Durch den ersten Zusatzartikel der amerikanischen Verfassung und Paragraph 230 des Communication Decency Act (CDA) haben Internetdienstanbieter das Recht ihre Angebote zu kuratieren und wie bei Donald Trump und Twitter- Accounts zu sperren. Insofern nach amerikanischem Recht eine legal Vorgehensweise.
Im Gegensatz hierzu stehen jedoch die Menschenrechte, die in Deutschland in Artikel 1 bis 19 ins Grundgesetz Eingang gefunden haben. Natürlich lassen sich aus Grundrechten selten direkte Rechte ableiten. Auch eine Beurteilung amerikanischen Rechts aus deutscher Rechtssicht verbietet sich. Es geht vielmehr um den notwendigen Diskurs darüber, was Internetdienstanbieter eigenmächtig umsetzen dürfen. Verfolgung von Straftaten, wozu auch Hassrede und Aufruf zu Gewalttaten gehören, müssen grundsätzlich rechtsstaatliches Monopol sein. Entweder bedarf es eines offensichtlichen Rechtsverstoßes, einer Strafanzeige oder die Strafverfolgungsbehörden werden durch Kenntnis von Offizialdelikten selbstständig tätig. Kein Privater, kein Unternehmen, darf Grundrechte anderer „frei Schnauze“ einschränken. Internetdienstanbieter stellen zu selbst festgelegten Geschäftsbedingungen eine Struktur zur Verfügung, die verschiedenes ermöglicht.
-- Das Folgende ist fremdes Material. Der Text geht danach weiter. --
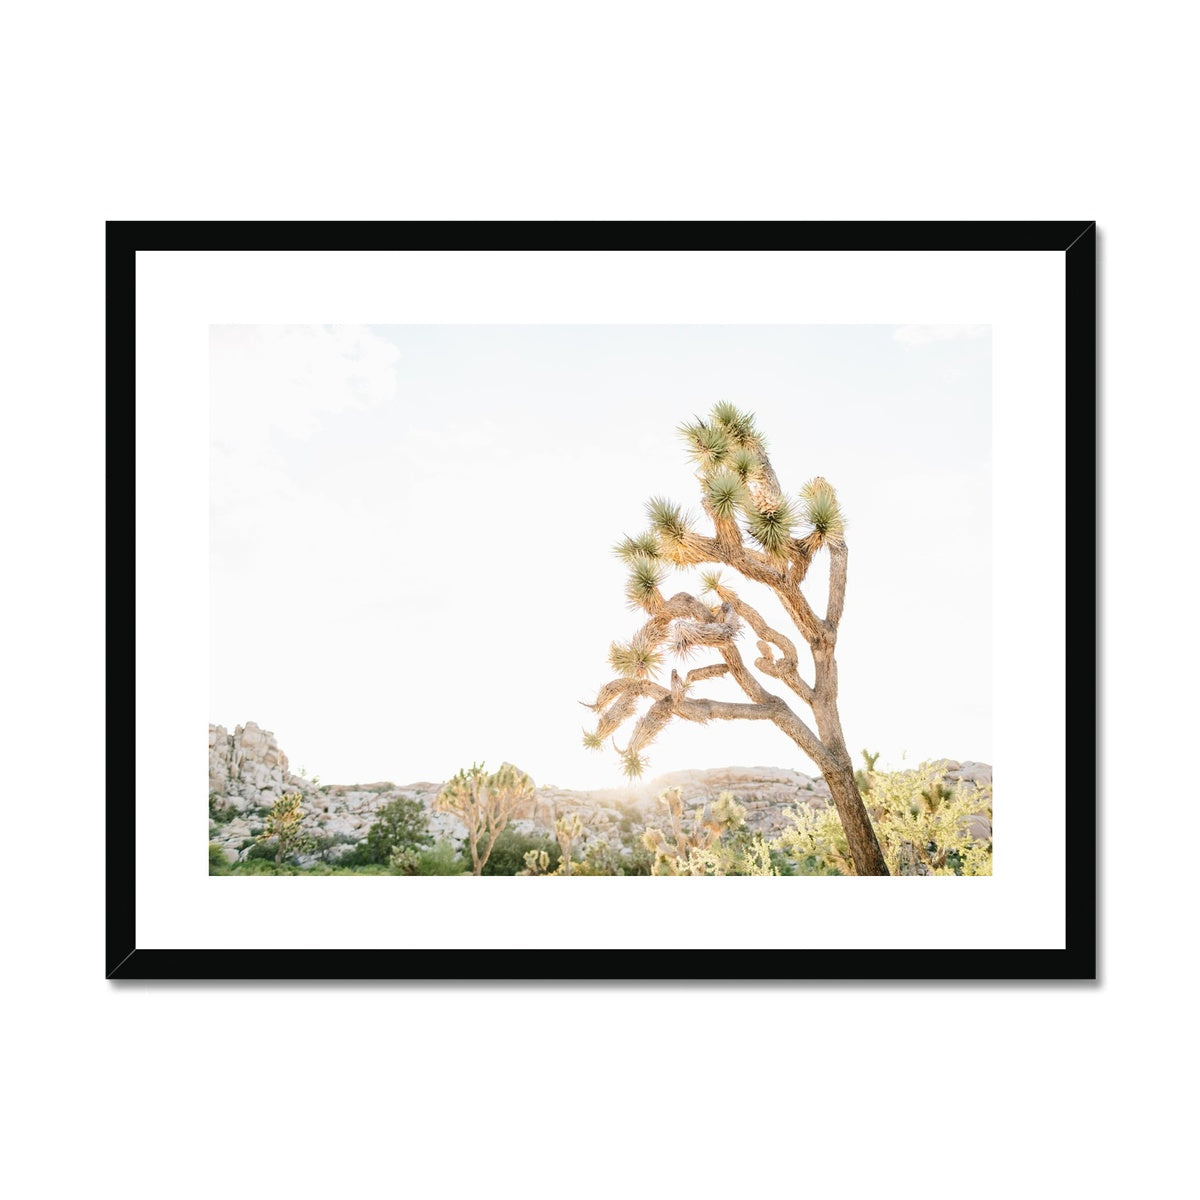 JOSHUA TREE V Framed & Mounted Print

Konkret stellt beispielsweise Apple die App Store Infrastruktur zur Verfügung, die dann für Apps, deren Hosting und Nutzung genutzt wird. Gegenüber den Inhalteanbietern hat Apple jedoch Netzneutralität zu wahren. Entziehen der Plattform muss staatliches Recht bleiben. Da hilft es auch nicht, dass Tim Cook nur von Suspendierung spricht und unter Bedingungen eine Rückkehr in den App Store in Aussicht stellt. Dabei geht es Tim Cook offensichtlich nicht um Meinungspluralität, sondern um das profitorientierte Unternehmen Apple und die Frage:
Darf Apple Grundrechte einschränken?
Durch die Löschung der App Parler hat Apple Grundrechte von deren Betreibern eingeschränkt. Da es bei Parler um eine fragwürdige Plattform geht, neigen viele dazu, dies zu begrüßen. Wie sieht es aber aus, wenn Apple möglicherweise Anrufe von iPhones nach Nordkorea unterbindet? Oder öffentlich-rechtliche TV-Sender nicht mehr via Apple TV ausstrahlt? Beides sind unwahrscheinliche Szenarien, sollen jedoch das Problem verdeutlichen. Eingriffe in Grundrechte müssen in jedem Fall dem Staat, genauer der unabhängigen Justiz, unterliegen. Ein Unternehmen darf zwar alles Mögliche in seine Geschäftsbedingungen schreiben, kann jedoch rechtsstaatlich dazu gezwungen werden, diese zu ändern oder nicht anzuwenden. Zugleich darf sich kein Unternehmen staatlicher Hoheitsrechte selbst bemächtigen.
Zensur oder Selbstjustiz durch Unternehmen muss in jedem Fall verhindert werden. Allein dem Staat steht das Recht zu derartigen Grundrechtseingriffen zu. Apple hätte Parler nicht aus dem App Store werfen dürfen.